C'est un «choc vagal» que le ministre des Transports, Sylvain Gaudreault, a eu en constatant l'ampleur des extras toujours facturés sur les grands chantiers du Québec. Pour y remédier, il prend les grands moyens, a appris La Presse. Il commandera très bientôt une vérification externe pour examiner tous les coûts additionnels exigés dans la dernière année à son ministère.

Selon une compilation de La Presse, plus de 30 millions de dollars en extras ont été facturés au ministère des Transports (MTQ) dans les huit premiers mois de l'année 2012-2013.

La décision a été prise hier. La firme n'a pas encore été sélectionnée. Son mandat s'appliquera aussi aux coûts additionnels exigés depuis avril 2012 à la Société immobilière du Québec, au Centre de services partagés du Québec et à Infrastructure Québec. On pourrait élargir le mandat en cours de route pour remonter plus loin dans le passé.

M. Gaudreault espère recevoir le rapport d'ici quelques mois. «Il n'est pas exclu qu'on fasse par la suite des recours pour récupérer de l'argent, s'il s'avère que des procédures ont été viciées», annonce-t-il.

Le ministre dit avoir «halluciné» en apprenant que, le 20 septembre, quelques heures après sa nomination, son ministère a accordé un extra de 2,5 millions de dollars à Louisbourg SBC, alors liée à Tony Accurso, pour un contrat d'une valeur initiale de 4,6 millions. En se préparant pour l'étude des crédits dans les dernières semaines, il dit avoir pris connaissance de tous les «coûts additionnels» accordés par son ministère. «Ça m'a jeté à terre», raconte-t-il.

Dans la description des motifs, on justifie souvent la demande en invoquant des «contrôles additionnels», la «surveillance additionnelle» ou la «modification au concept initial». Les demandes sont souvent faites par des entreprises de génie-conseil comme Genivar, Roche, Dessau, Cima+ et BPR.

Manque d'expertise

M. Gaudreault regrette que le ministère des Transports ne soit pas toujours outillé pour savoir quelles demandes sont justifiées et lesquelles pourraient être liées aux pratiques mises en lumière à la commission Charbonneau. Le rapport de l'Unité anticollusion a lui aussi déploré la perte d'expertise au MTQ, qui le rend vulnérable aux extras non justifiés.

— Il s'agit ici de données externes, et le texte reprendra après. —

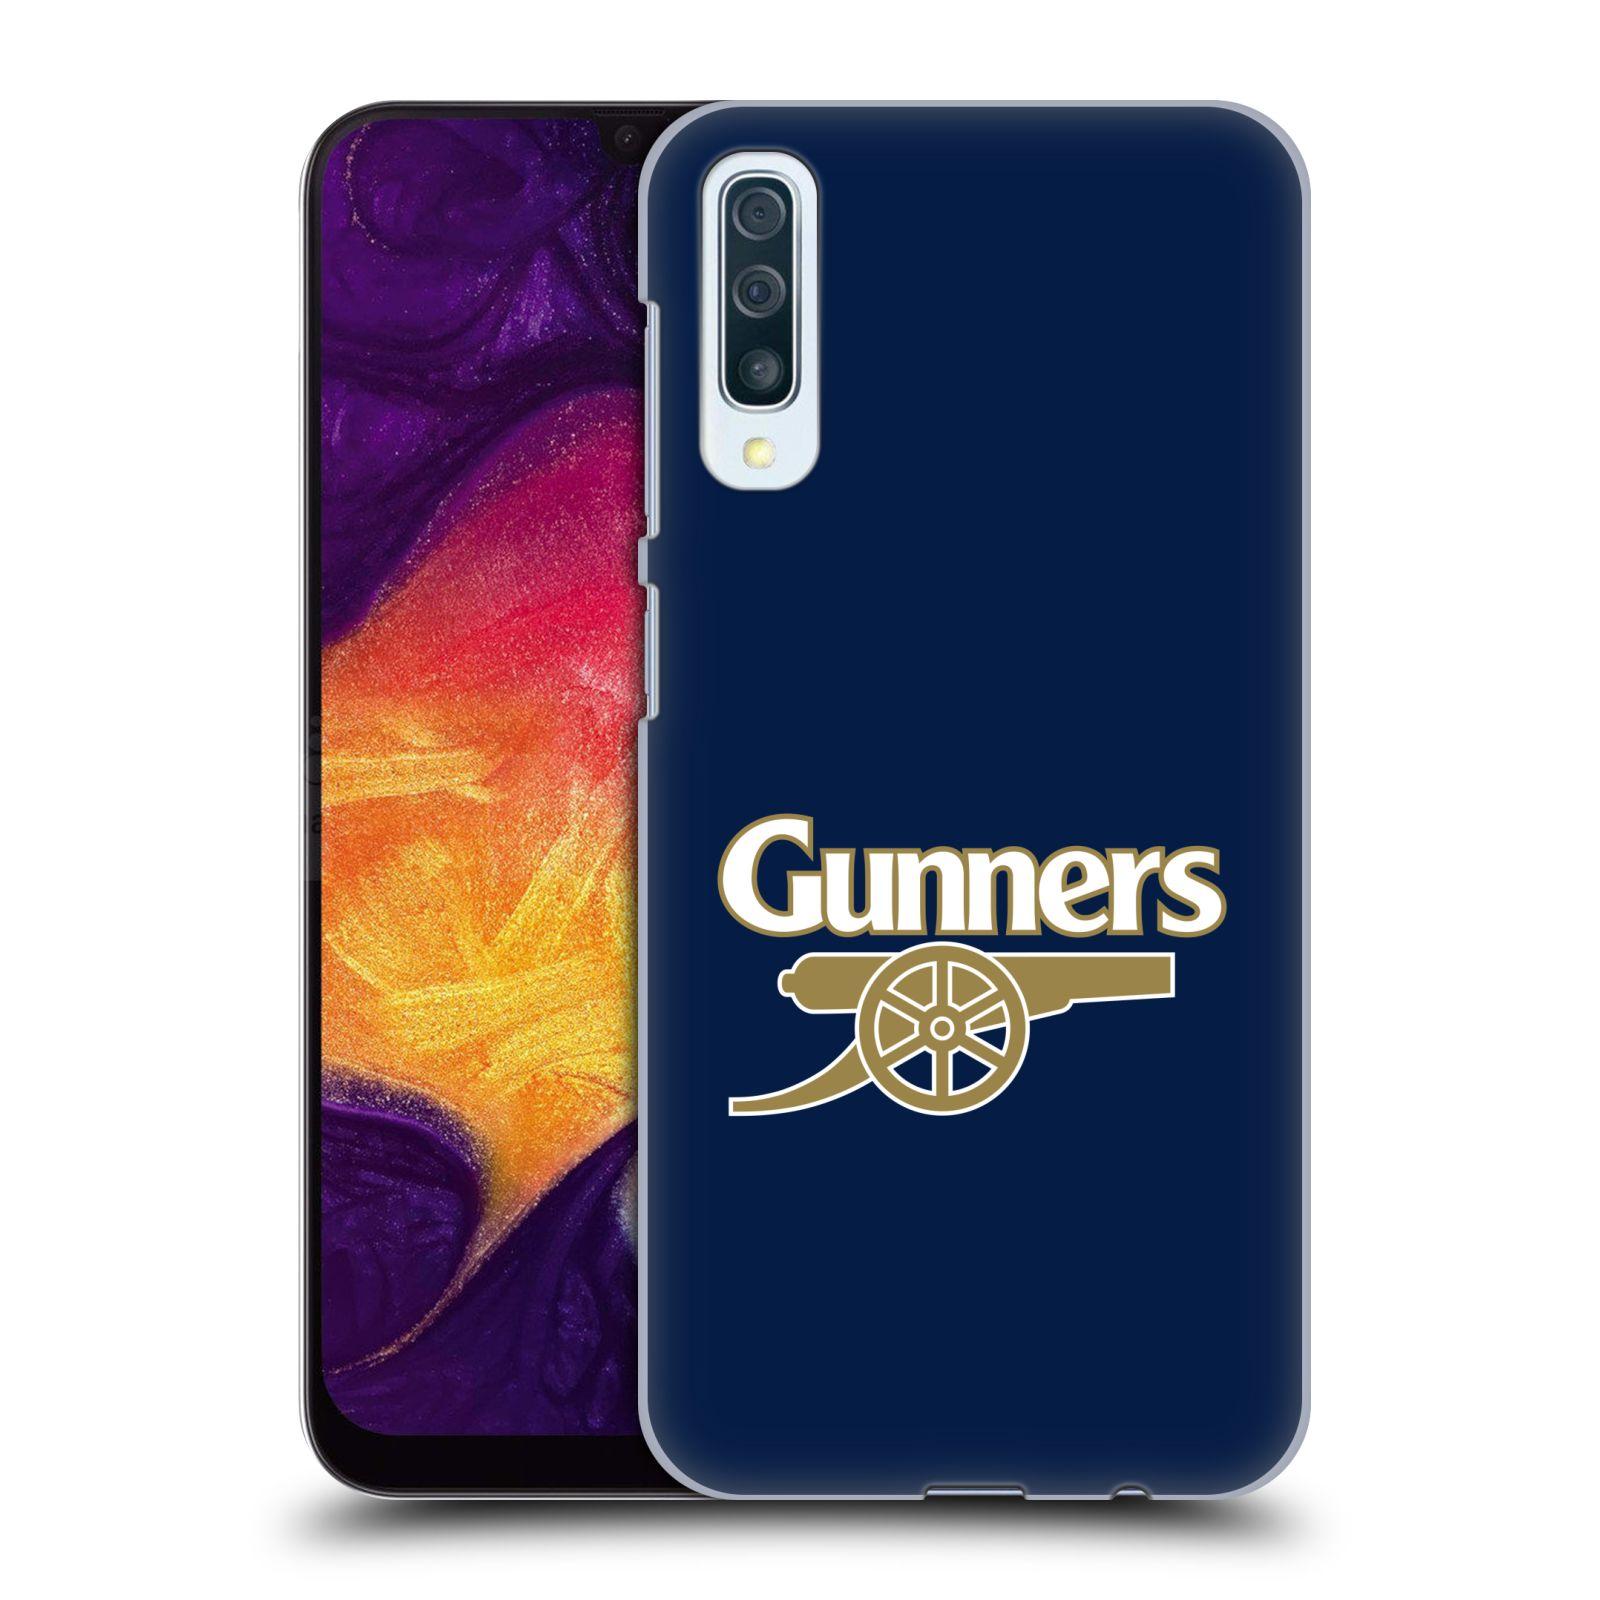 Plastové pouzdro na mobil Samsung Galaxy A50 - Head Case - Arsenal FC - Gunners

«Je veux un oeil externe sur les coûts additionnels accordés. Il faut savoir ce qui est justifié et ce qui aurait pu être prévu pour évaluer les futurs budgets des routes. Si j'annonce une route pour un montant précis, il faut que ça coûte ça. Désormais, on va dire ce qu'on fait, et on va faire ce qu'on dit.»

M. Gaudreault avoue que le Ministère a actuellement une certaine «impuissance». «Quand on parle de surveillance additionnelle, c'est pour moi un argument de plus en faveur de la création d'une agence des transports qui permettrait de rebâtir l'expertise dans l'État.»